Rand corp

Resurgence of al Qaeda

http://www.rand.org/publications/randreview/issues/2012/fall/leadership/resurgence-of-al-qaeda.html

Seth G. Jones on the ongoing global threat
Seth Jones is a RAND senior political scientist.

President Obama often takes credit for having initially shifted the focus of America’s military efforts away from Iraq and toward defeating al Qaeda in Afghanistan and Pakistan. Under his watch, U.S. military and intelligence operatives killed Osama bin Laden in Pakistan, and the United States has orchestrated an intense drone campaign in Pakistan, killing many of al Qaeda’s senior leadership.

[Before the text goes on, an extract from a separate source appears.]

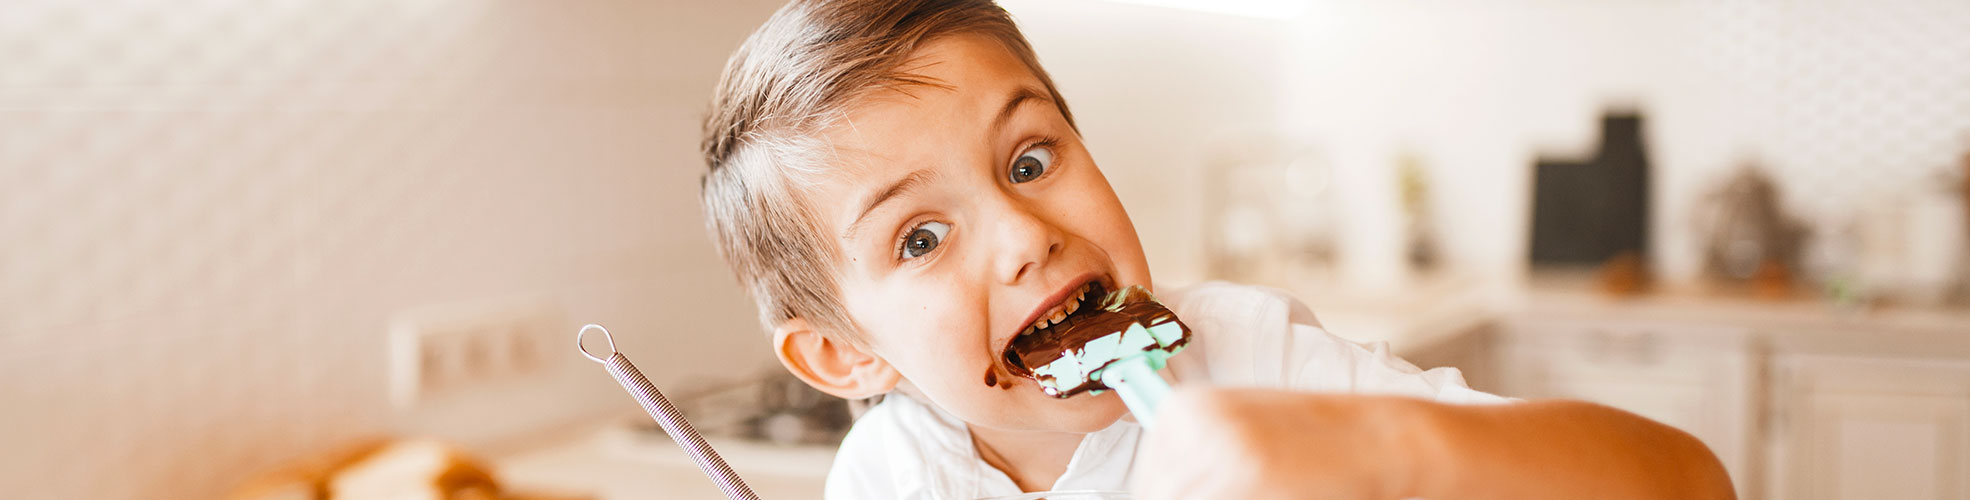 bambino mangia dolci

But Obama has started to bring U.S. troops home from Afghanistan and indicated that U.S. combat operations there will end by 2014.

Governor Romney argues that the U.S. mission in Afghanistan has been jeopardized by establishing a timetable for withdrawal that, he contends, is against the advice of America’s top military commanders. Romney promises that, under his administration, withdrawal would be based on conditions on the ground as assessed by his commanders.

Addressing U.S. interests in the Far East is important, but not if it means losing focus on America’s most pressing danger zone.
Even as they debate the appropriate U.S. military role in Afghanistan and Pakistan, the presidential candidates need to address the fact that al Qaeda has expanded its global presence. Since its establishment in 1988, al Qaeda’s strength has risen and fallen in a series of waves. Despite the death of Osama bin Laden, the Arab Spring has ushered in a fourth wave as al Qaeda has tried to push into North Africa and the Middle East.

One significant trend is the expansion of al Qaeda’s global network. The leaders of al Qaeda in the Arabian Peninsula, al Shabaab in Somalia, al Qaeda in Iraq, and al Qaeda in the Islamic Maghreb (in North Africa) have sworn bayat, or loyalty, to al Qaeda leader Ayman al-Zawahiri and provided him with funding, global influence, and a cadre of trained fighters. None of these affiliate organizations existed a decade ago. But, over the past several years, attacks by these affiliates have increased.